Industrial data sets reflect more than just science; they reflect cultural choices within a given organization.

“You will only find co-crystals if you look for co-crystals,” Cole said, as an example. “Most companies prefer to formulate a free, or unbound, drug. One can assume that the types of structures in an industrial set reflect conscious decisions to search for forms of given types, whereas fewer bounds are placed on the researchers who contribute to the CSD.”

ML models benefit from two key things: data volume and data specificity. That’s why coupling the volume and variety of data in the CSD with proprietary data sets is so helpful.
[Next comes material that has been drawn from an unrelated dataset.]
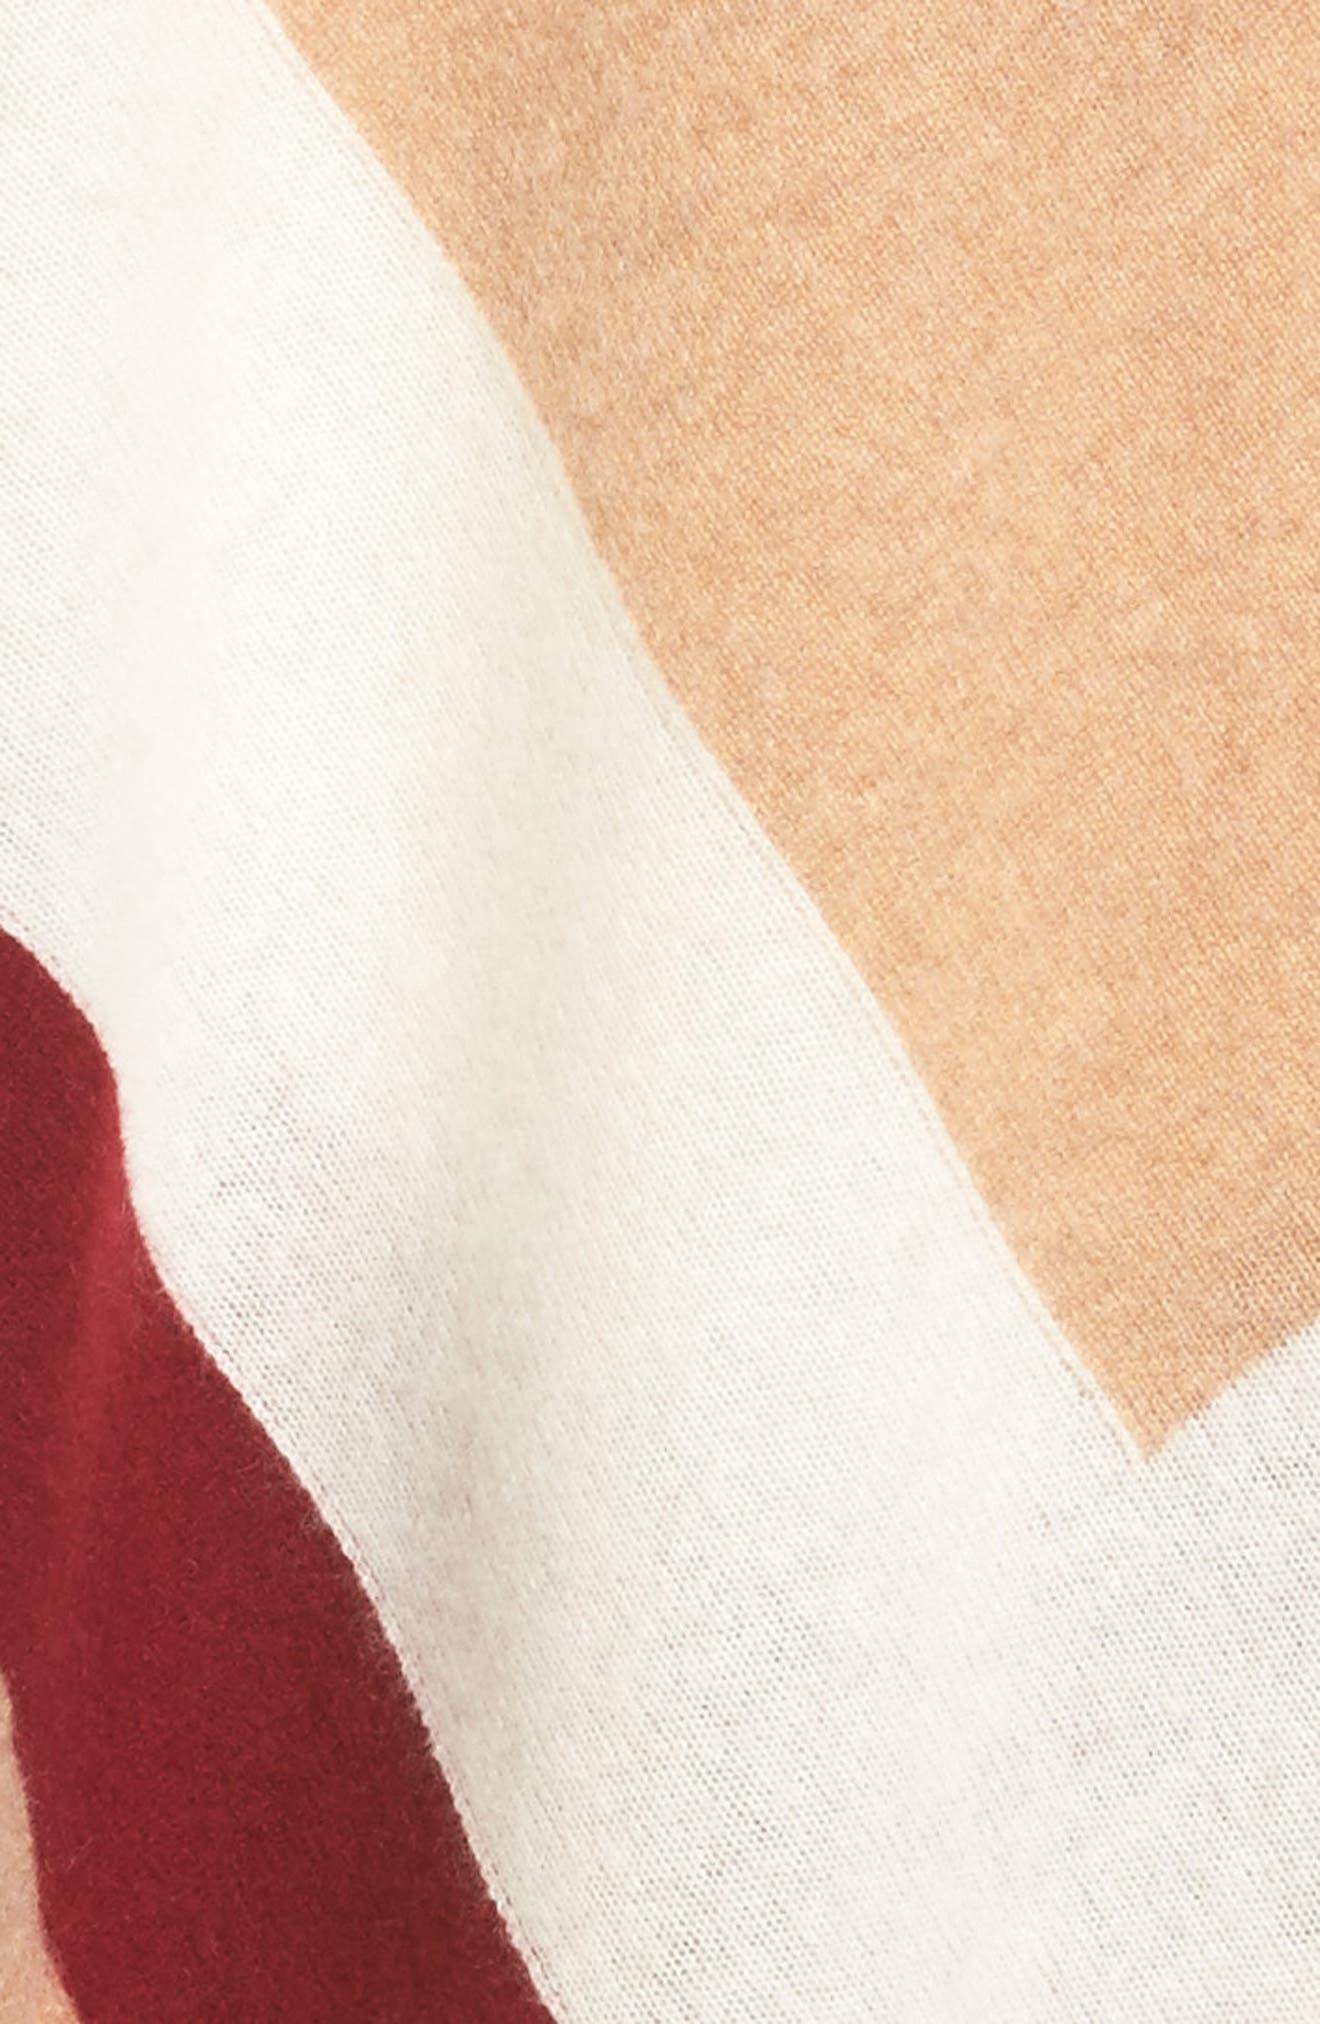 Tassel Trim Cashmere Wrap,                             Alternate thumbnail 5, color,                             Tan Camel Heather Combo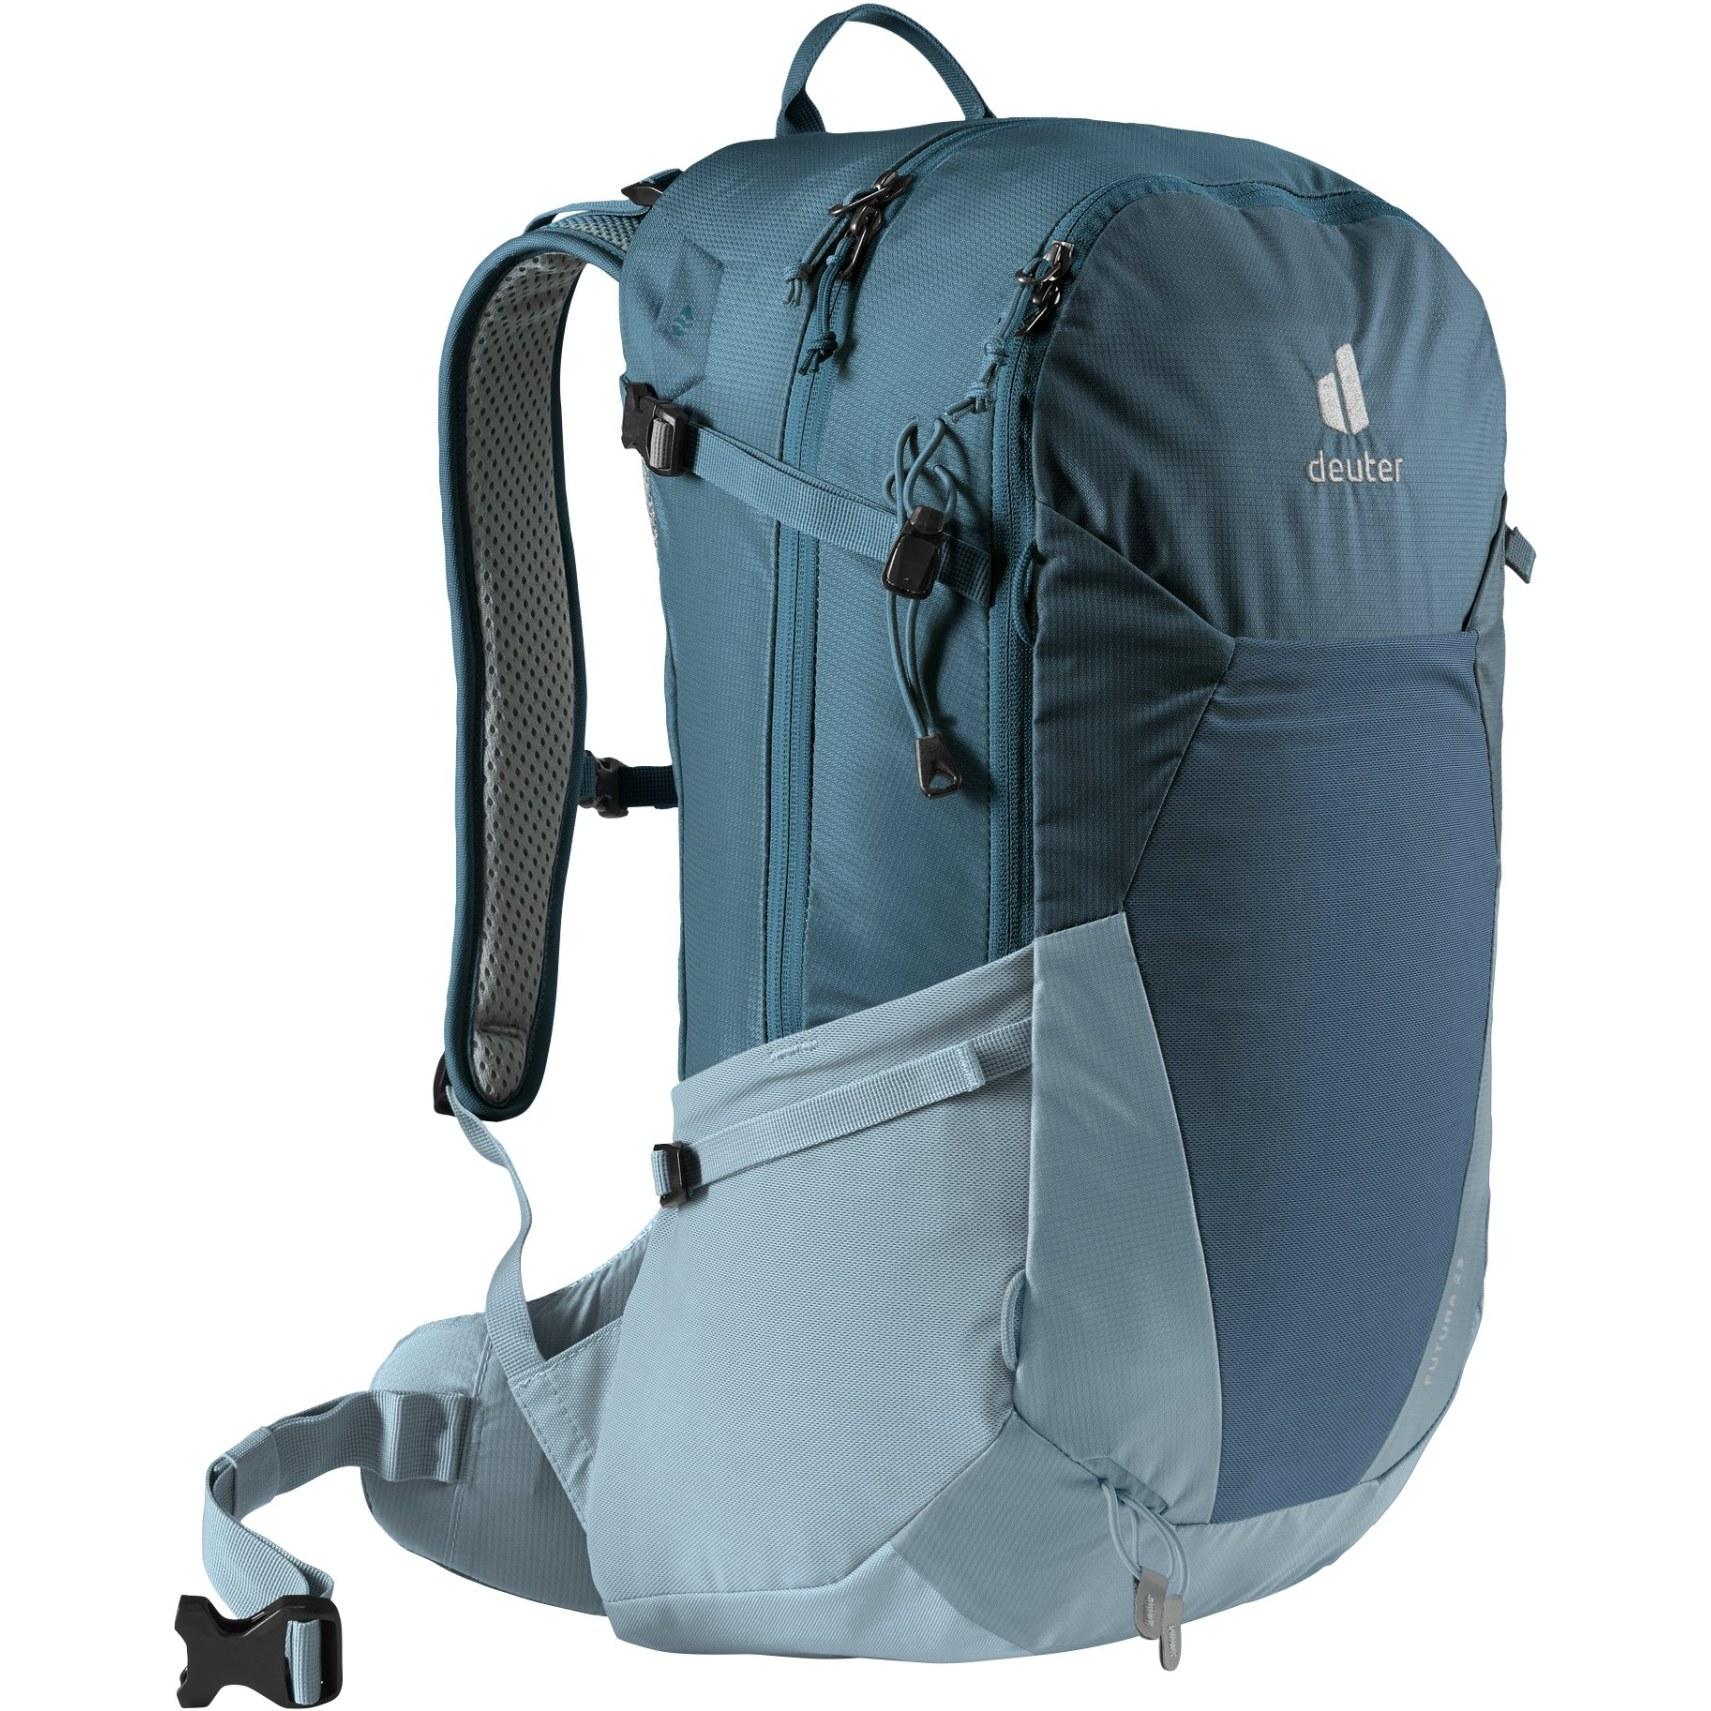 Deuter Futura 23 Backpack - arctic-slateblue

“Large amounts of data lead to more confident predictions,” Cole said. “Data that are most directly relevant to the problem lead to more accurate predictions. In the predictions that use CCDC software, we select a subset of the most relevant entries that is large enough to give confidence. The GSK set is bound to have highly relevant compounds to other compounds in their commercial portfolio. So the model-building software can use these.”

Industrial researchers working with highly relevant data can run into issues when they don’t have enough to generate confident models.

“Consider that CSD software typically picks around two thousand structures from the 1.1 million in the CSD,” Cole said. “The industrial set is tiny by comparison, but you could pick, say, 40 or 50 highly relevant structures. You'd have insufficient data to build a good model with that alone, but the added compounds from the CSD supplement the data set. In essence, by including the GSK and CSD sets we get the best of both worlds: all the highly relevant industrial structures and a set of quite relevant CSD structures together to build a high-quality model.”

Why do polymorphs present a risk to the pharmaceutical industry?

The different packing arrangements mean that one polymorph might be more suited for therapeutic delivery, while another form of the same compound might not. Researchers use crystal structure databases to make knowledge-based predictions about whether a potential new drug is comprised of a good, stable form that manufacturers can make, store, and deliver in a therapeutic manner. The authors at GSK and CCDC completed a robust analysis of the small molecule crystal structures containing X-ray diffraction results from GSK and its heritage companies for the past 40 years. They then combined those results with a drug subset of structures from CCDC’s CSD, which contains over 1.1 million small-molecule organic and metal-organic crystal structures from researchers all over the world.